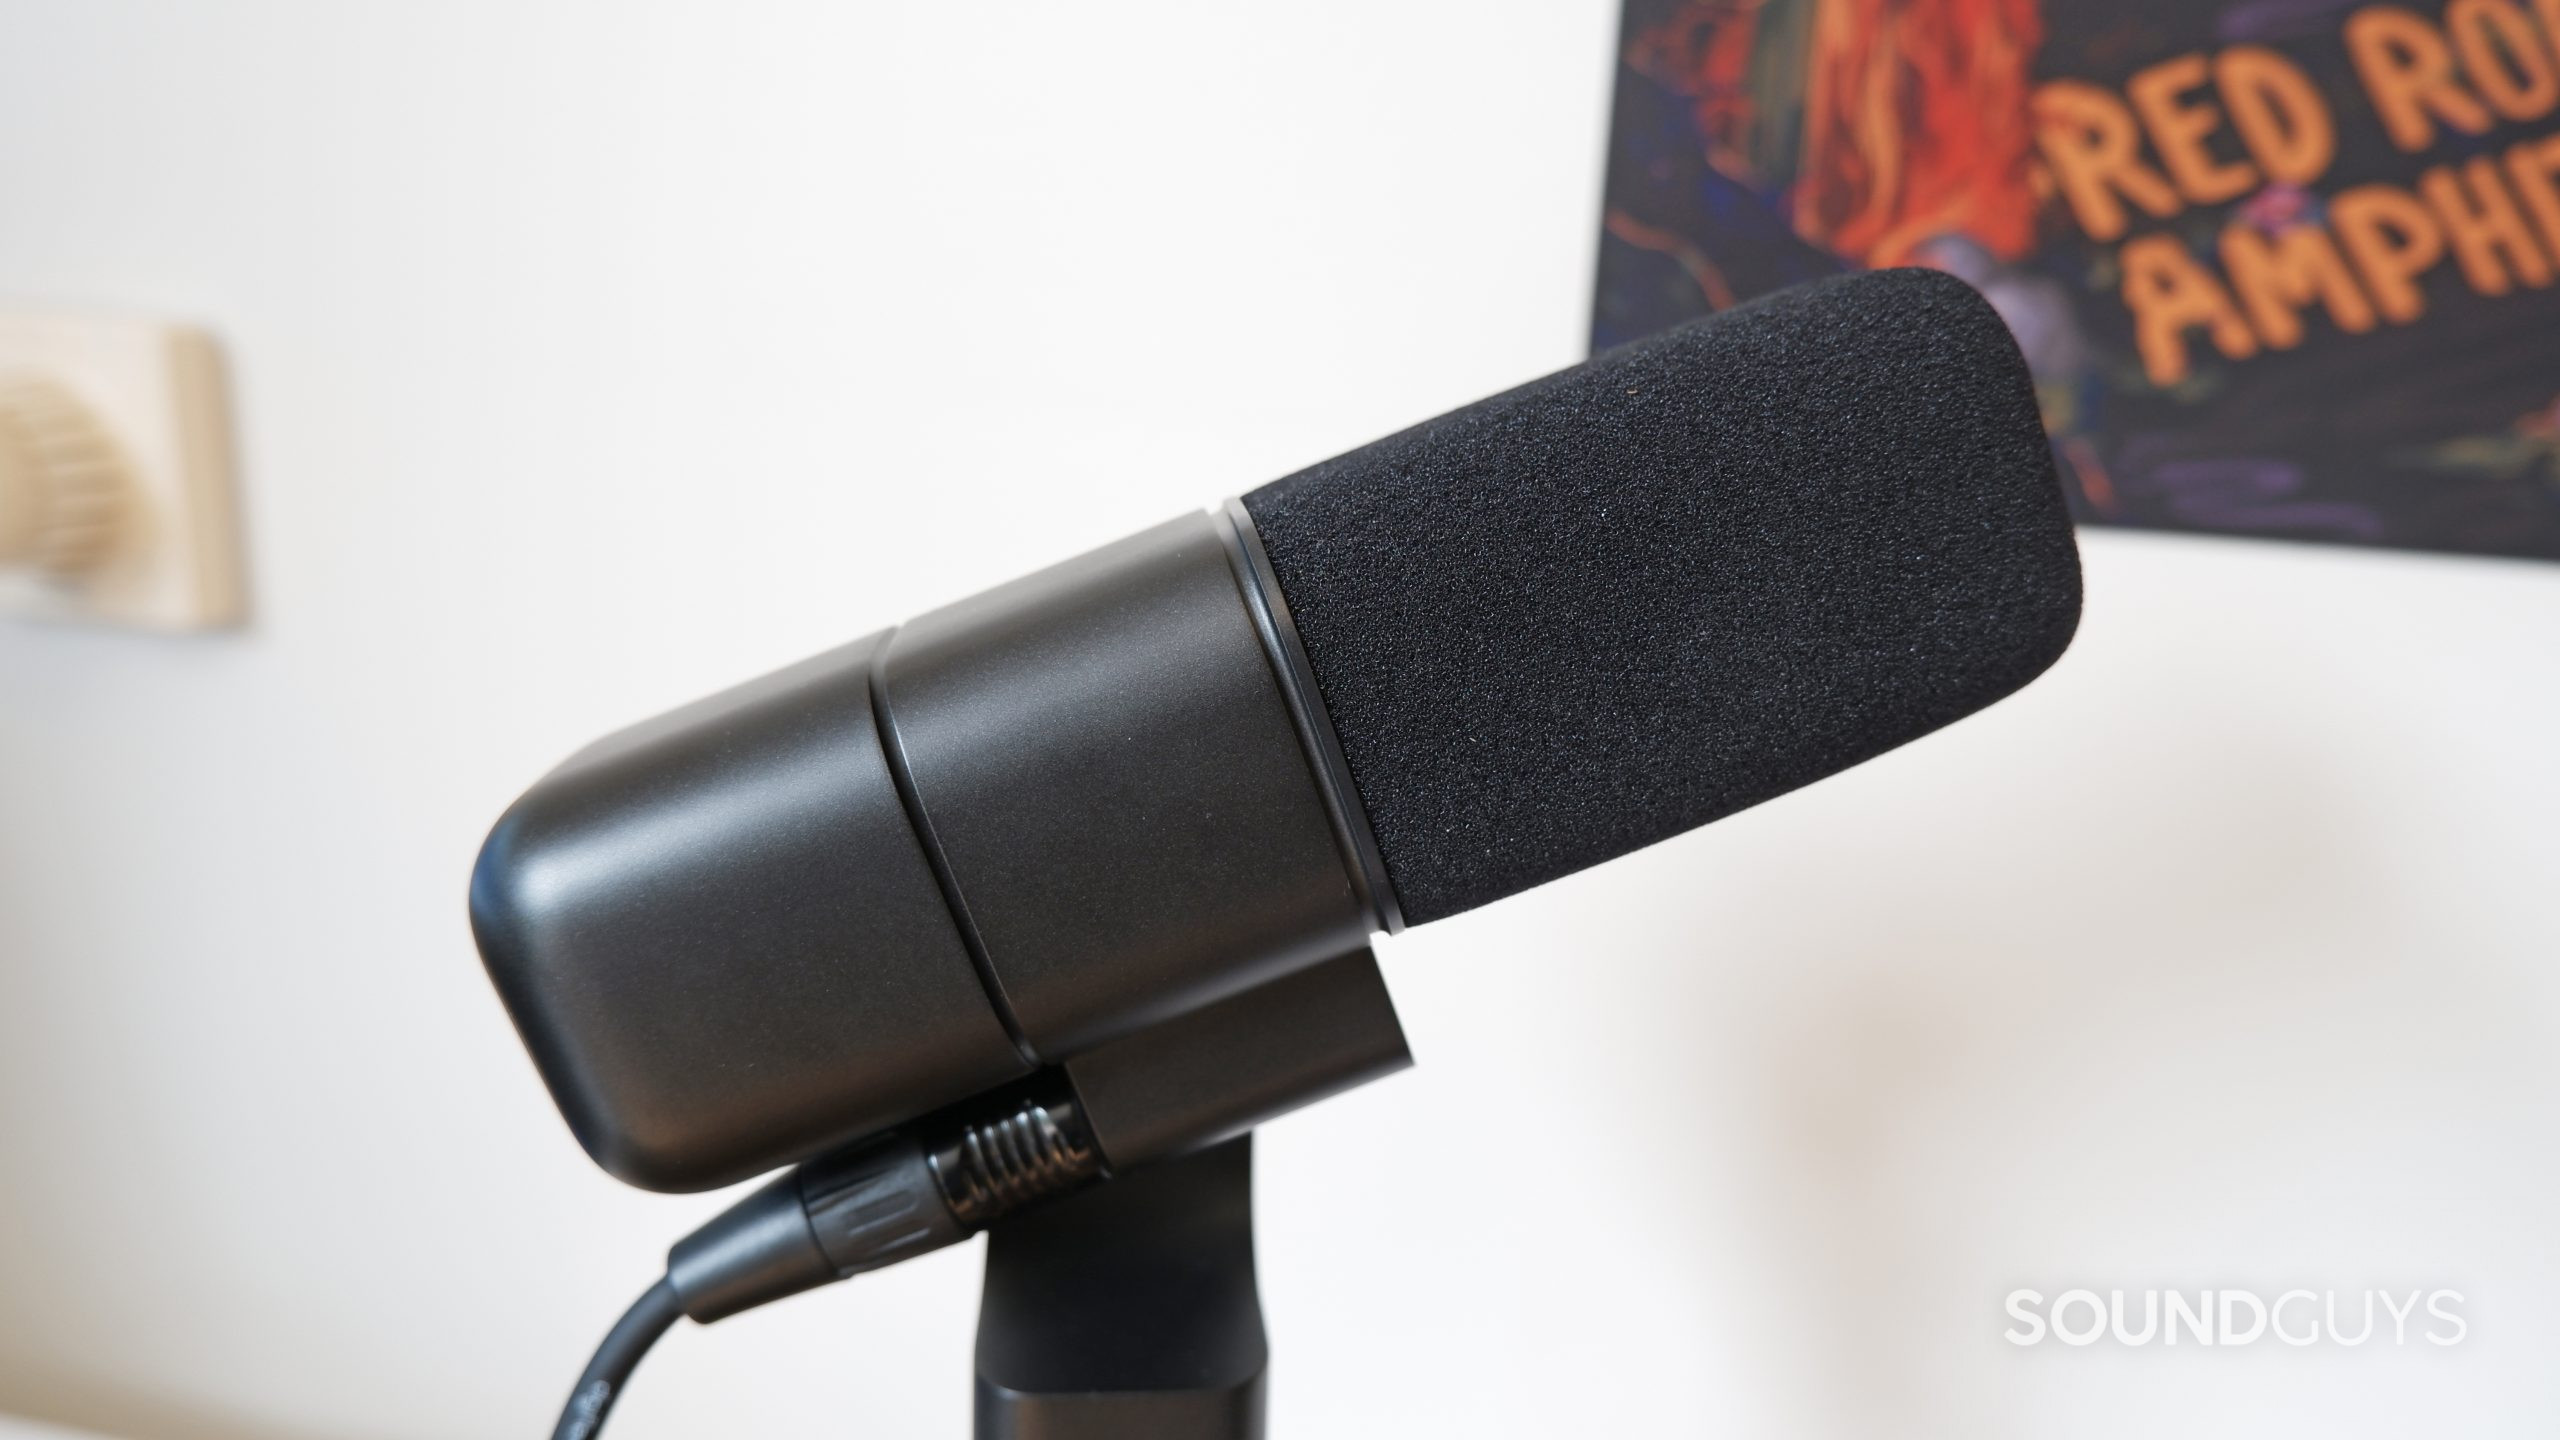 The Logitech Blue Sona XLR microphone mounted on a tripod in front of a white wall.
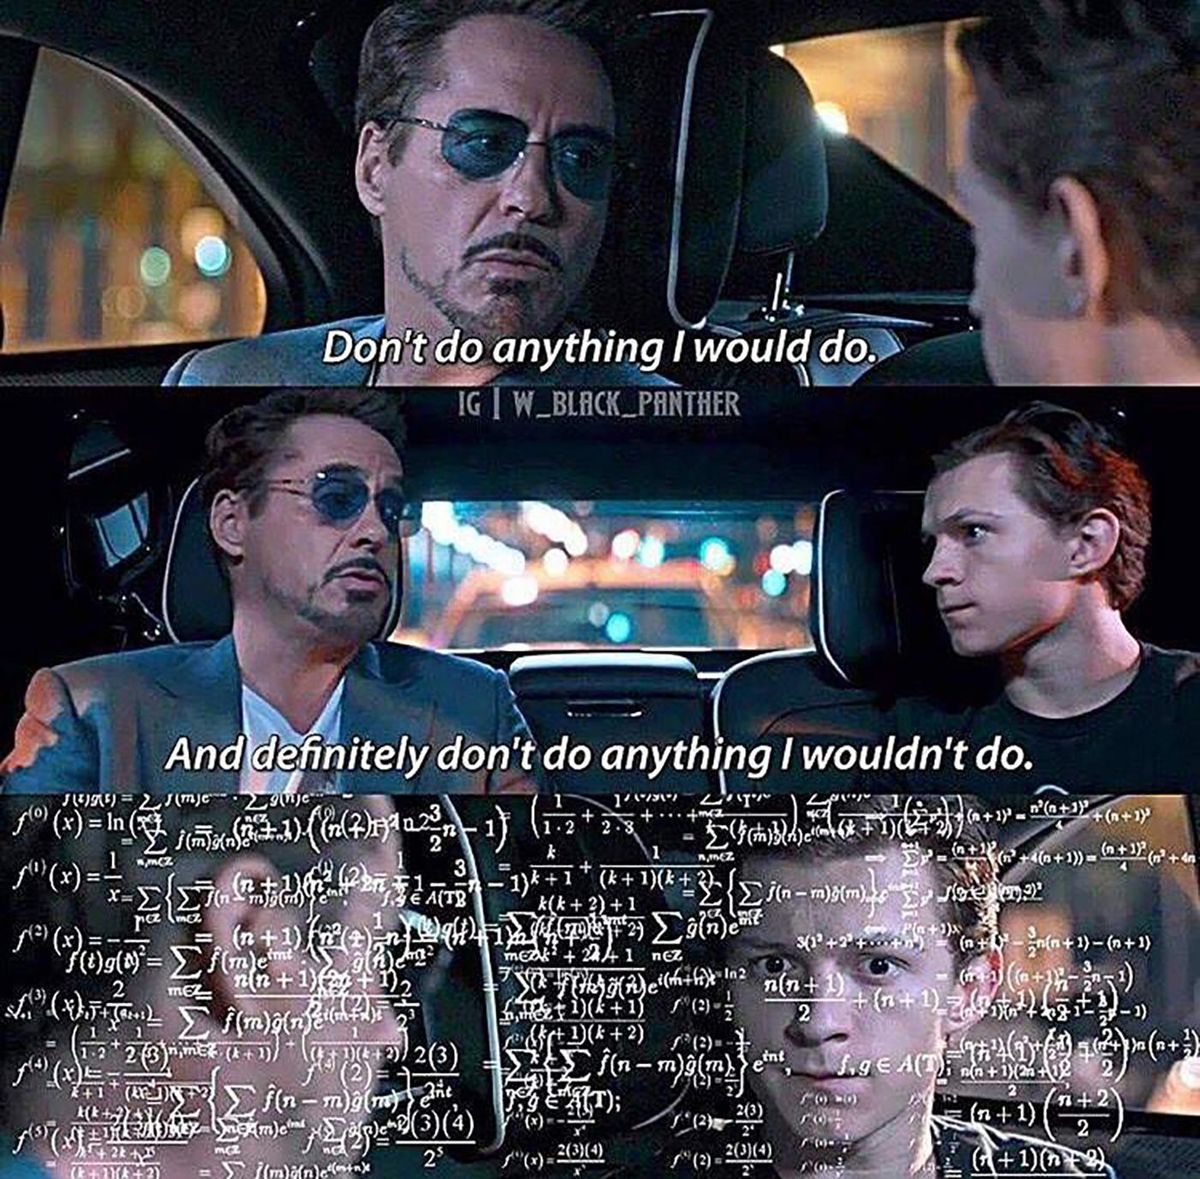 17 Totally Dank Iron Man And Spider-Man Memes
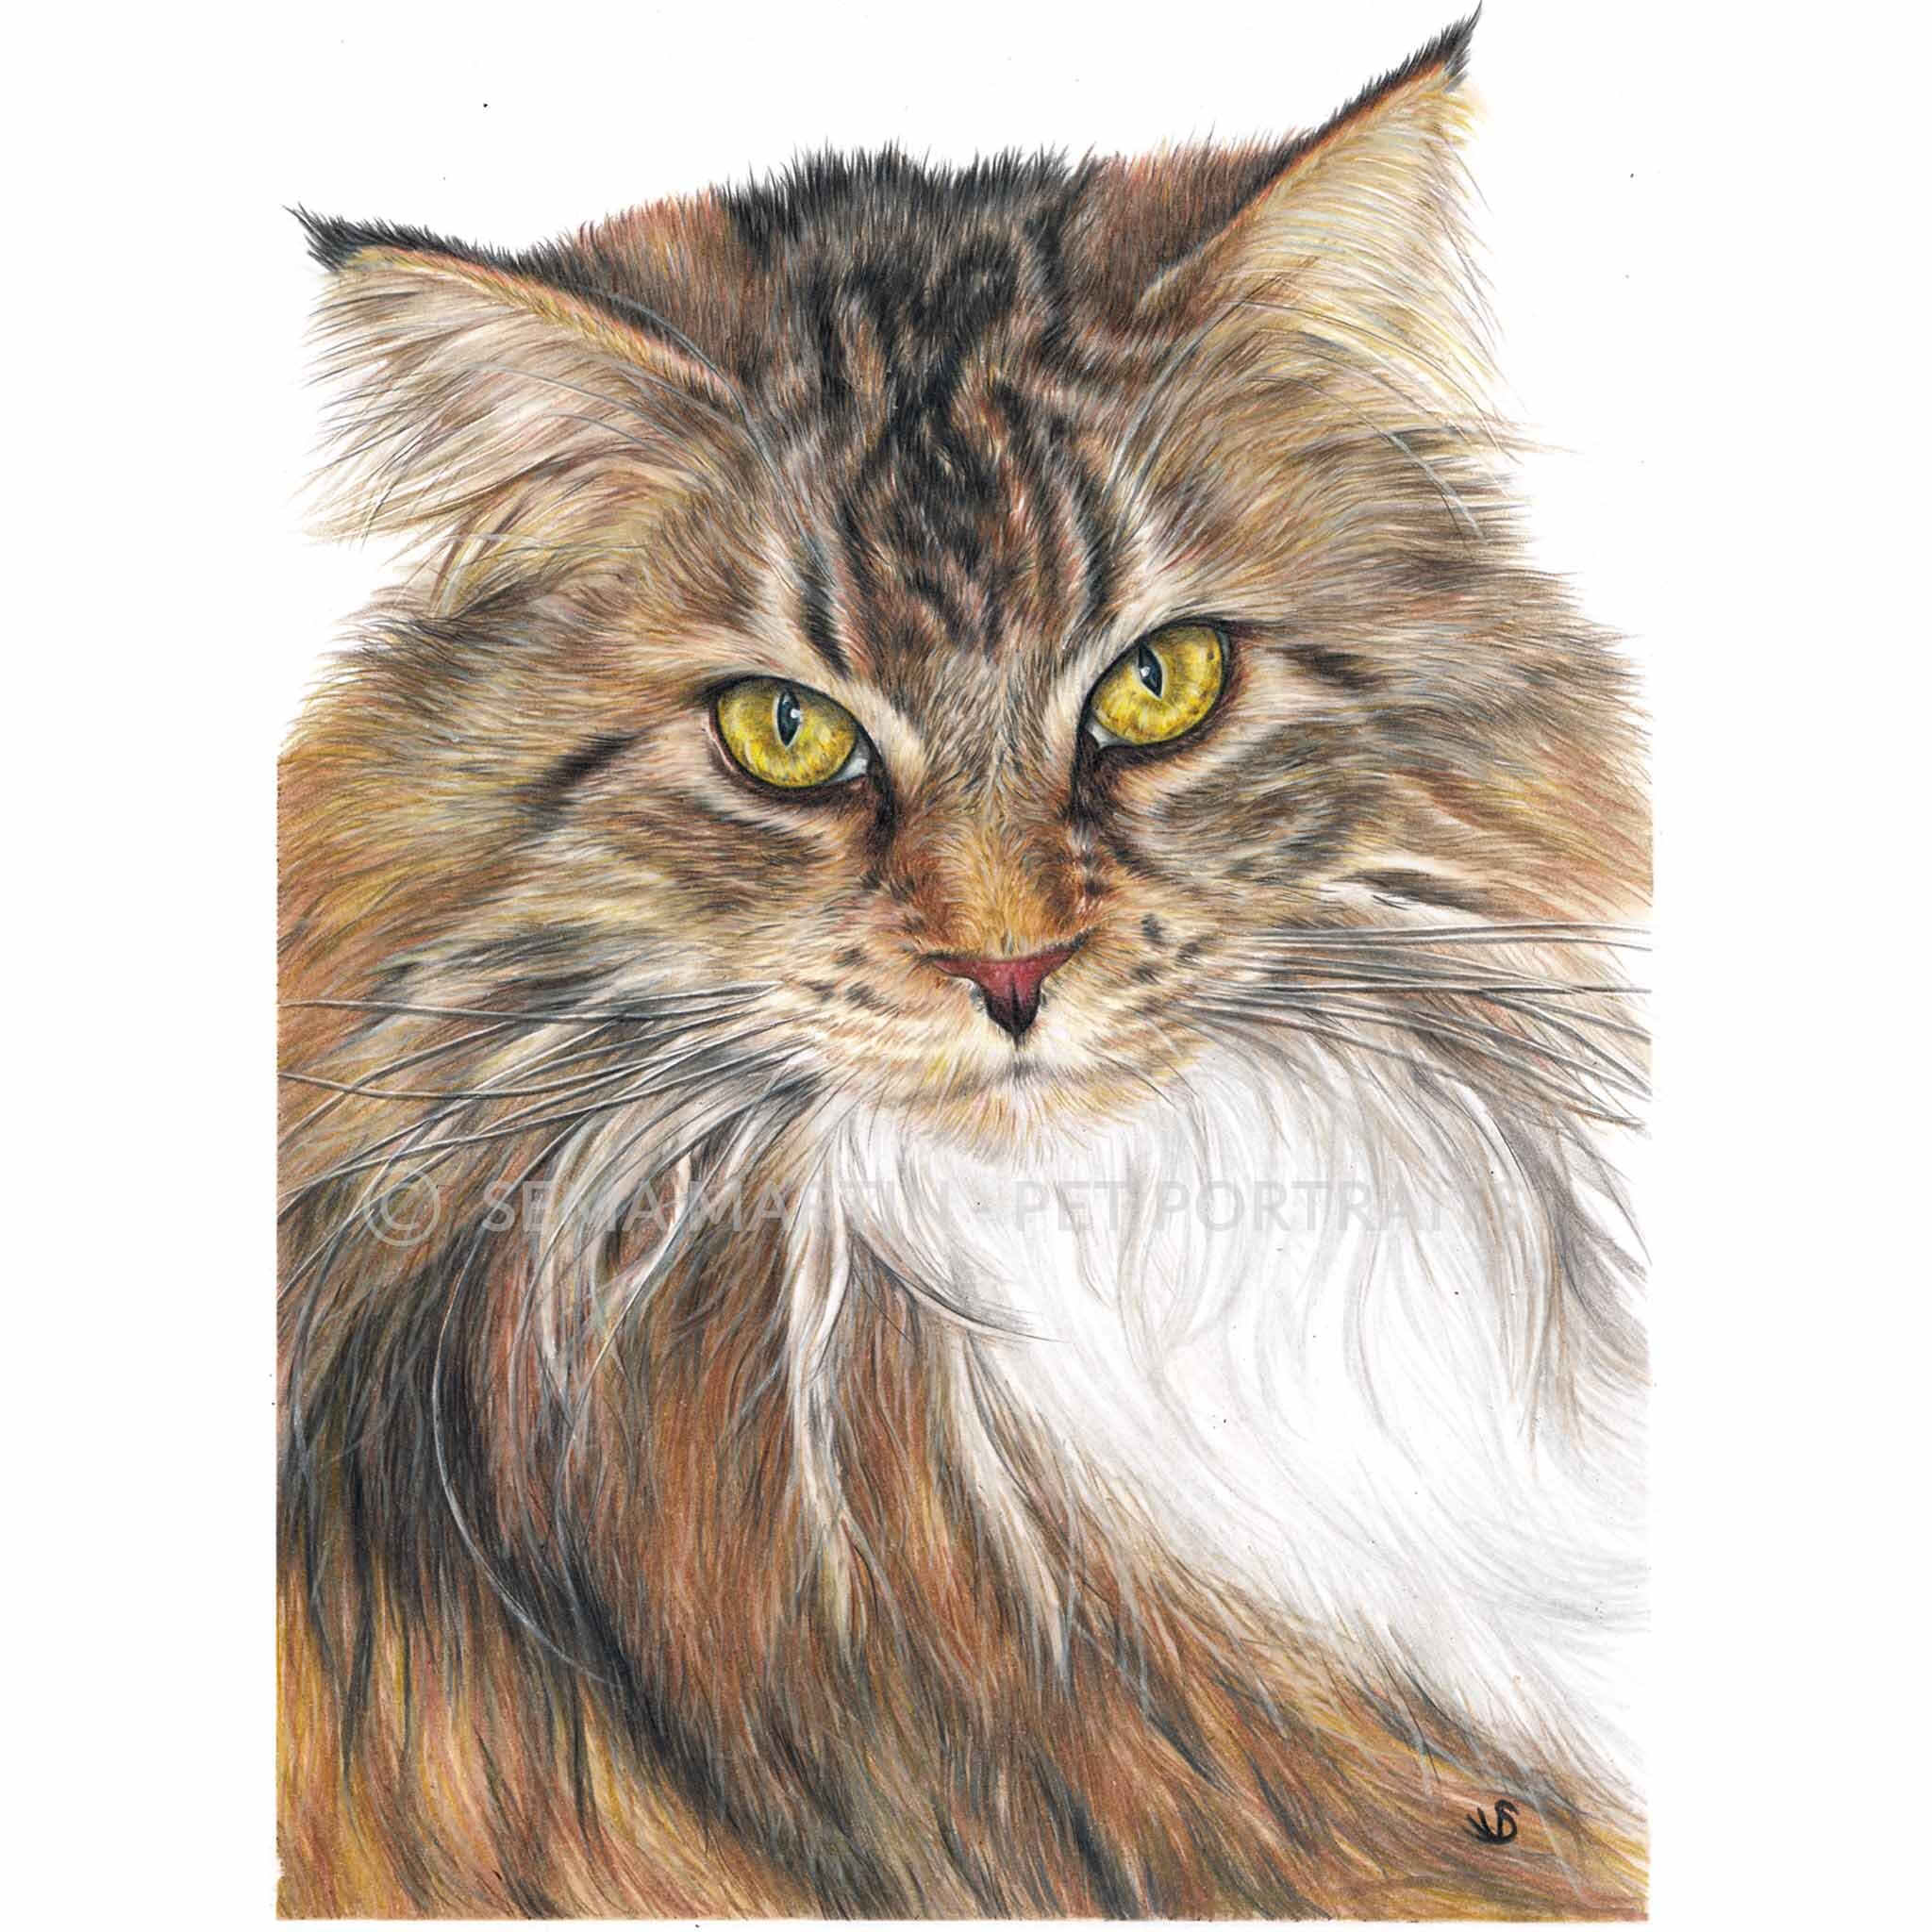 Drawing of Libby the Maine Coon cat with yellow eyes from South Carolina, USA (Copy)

◇ ◇ ◇ ◇ ◇ ◇ ◇

WORK TASK
In the listing, find the line with "17 Totally Dank" and retype exactly from there through the last line, both included, leaving the pictures out.

RESPONSE TO THE EXERCISE
 17 Totally Dank Iron Man And Spider-Man Memes
 Drawing of Libby the Maine Coon cat with yellow eyes from South Carolina, USA (Copy)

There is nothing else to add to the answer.